Dr. R. L. Beall of Lenior, who made a study of that day’s events, said the cannonading started at first daylight. The dismounted cavalry quickly seized effective control of the bridge and the men, crossing on the stringers, replaced the boards. This permitted the main body to enter the forest between the creek and Salisbury both dry and quickly.
Beall said the fighting and the cannon fire at the creak lasted until 8 a.m., about two hours. Units crossing the creek elsewhere flanked the batteries and they were abandoned.
This was the principal action involved in the Battle of Grants Creek, and it resulted in some casualties. The number of federals killed and wounded is not known nor is it known how many defenders were casualties. Beall said the federal dead were buried on the battlefield.
While shot and other evidence of the battle have been found along the creek, no gravesites have turned up.

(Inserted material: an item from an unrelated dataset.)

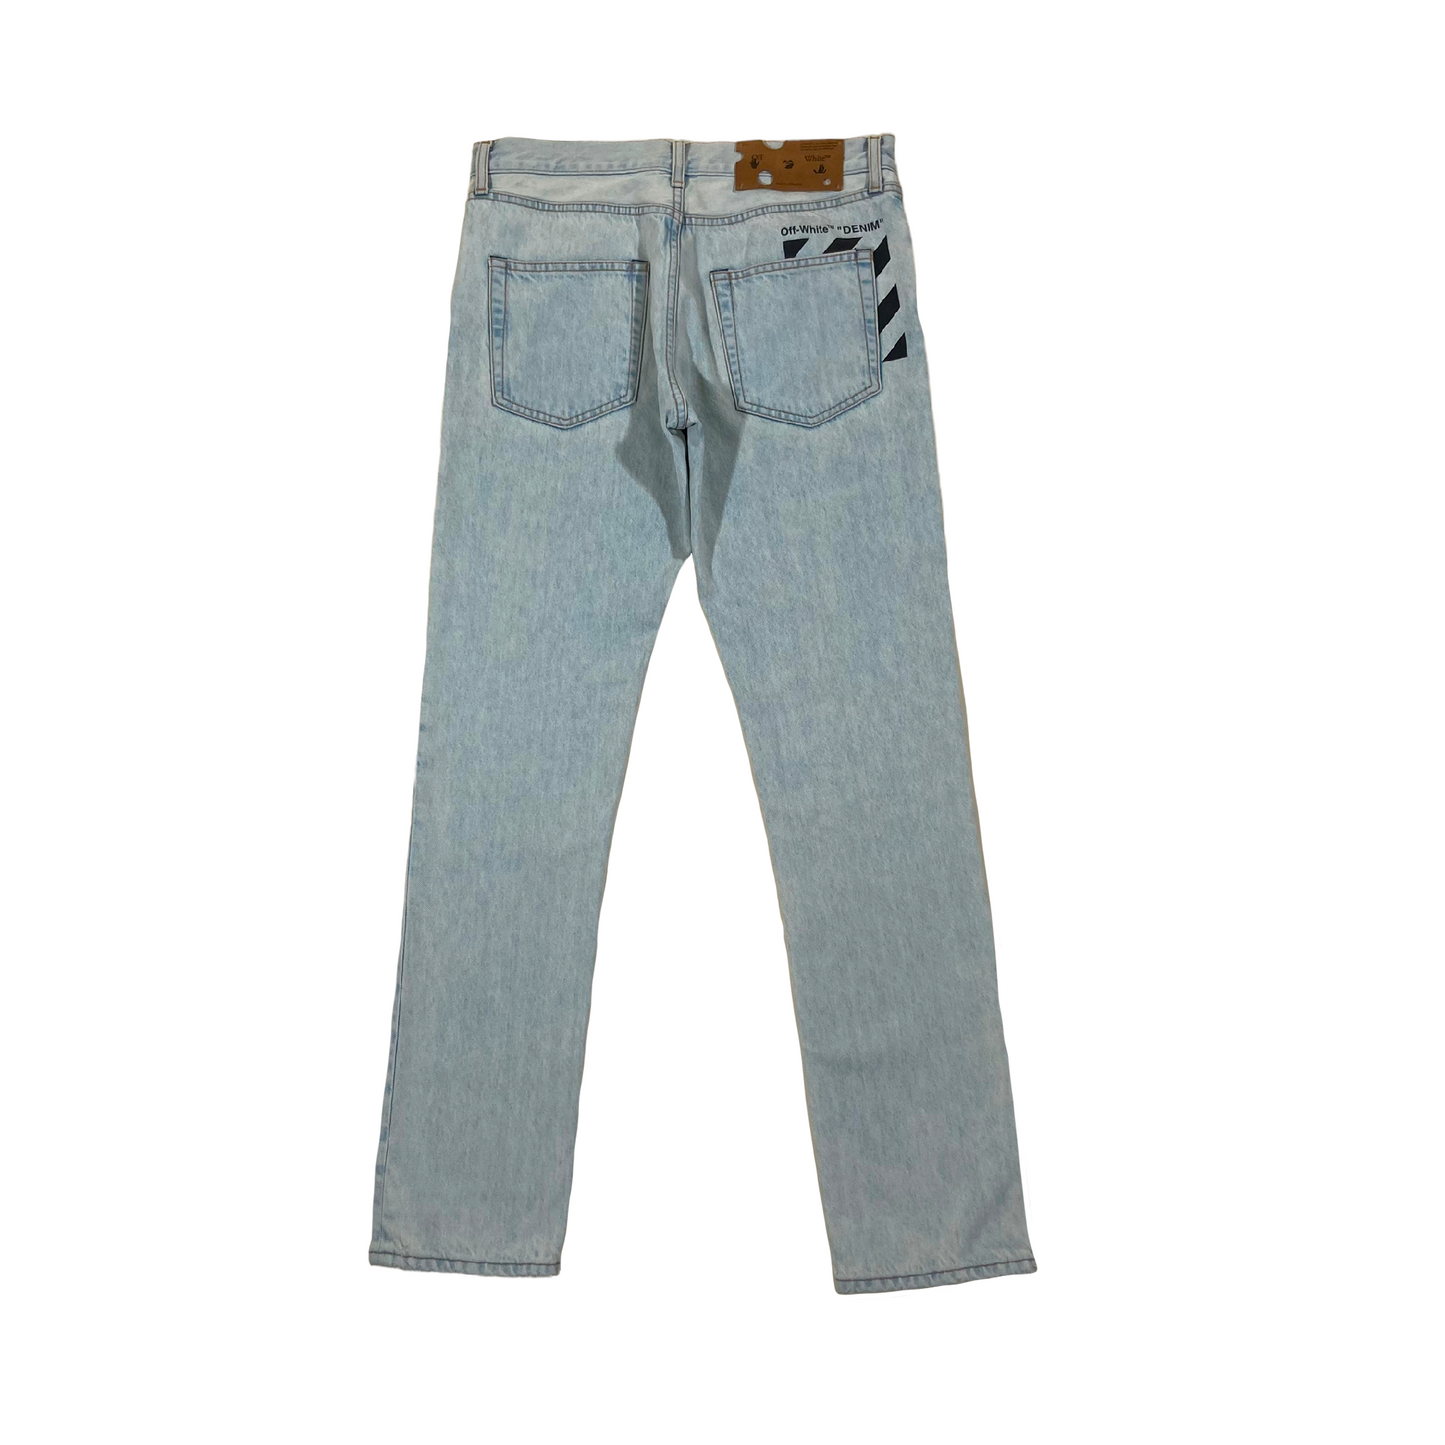 OFF-WHITE WASHED DENIM JEANS 31W

It was during this action that the poor quality of the “galvanized Irish” as converted Johnny Rebs were observed.
It was noted by one Union witness: “As they were charged by our men their cannon was fired over the heads of the charging party, who, as they came nearer, were greeted with cheers for the old flag.”
Guards joined defense
Many of the defenders, described by Brown as “regular” troops, were further described by another as actually guards from the abandoned prison. These were generally too old or too young for Confederate service and in most cases either untrained for combat or unwilling to risk their skins at a time when everyone knew the war was about to end.
One young boy later recalled that, attracted by the action, he had watched the defenders flee into the woods. But apparently there were only a few points of minor resistance involving individual or small groups.

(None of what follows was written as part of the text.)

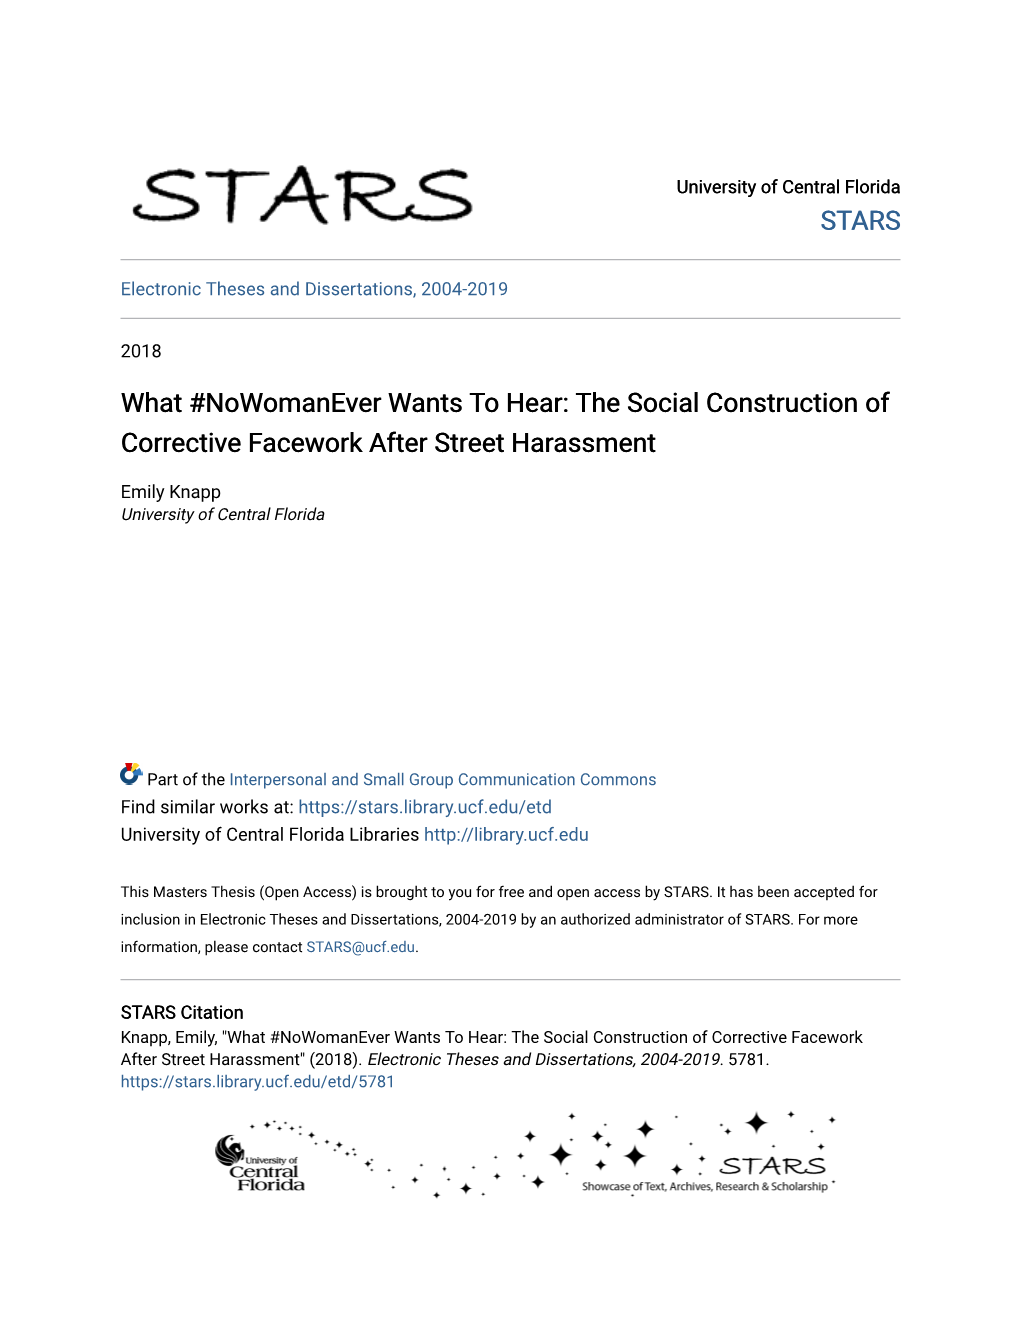 The Social Construction of Corrective Facework After Street Harassment

An exchange of gunfire in the yard of the Shober home near the railroad bridge on Ellis Street was recalled. Another noted a brief exchange of fire at the site of future Livingstone College.
These skirmishes would have involved Union troops crossing Grants Creek on the old Mocksville Road and on the old Wilkesboro Road near Macay’s millpond.
John I. Shaver, who was a boy living on East Innes Street at the time, later told J. Allan Dunn, Salisbury historian and lawyer, about the fighting at the Wilkesboro road site and at the old M.L. Jackson homeplace.
Shaver also told Dunn that a Confederate officer, Frank McNeely of Salisbury, engaged two Yankee officers in a running duel at East Innes.
He killed them both, Shaver said, the last one at Arlington Street.
The official records note that 1,346 defenders were captured and imprisoned.
These included the gentle Dr. Jethro Rumple, pastor of the First Presbyterian Church, who was soon freed. It did not included the firebrand editor of The Carolina Watchman, J.J. Bruner.
He had, in his own words, “lit out” after the town was captured and hid out at Herrington Heights, the hills that overlooks I-85 off East Innes. The rush of events was too swift by permit formal surrender of the town.
A young boy, William Nicol Wood, later reminisced that the mayor of Salisbury tried to approach the raiders with a flag of truce. A trooper promptly cut it down.
The battle of Grants Creek was over by 9 a.m., and the occupation of Salisbury was complete only a few hours later.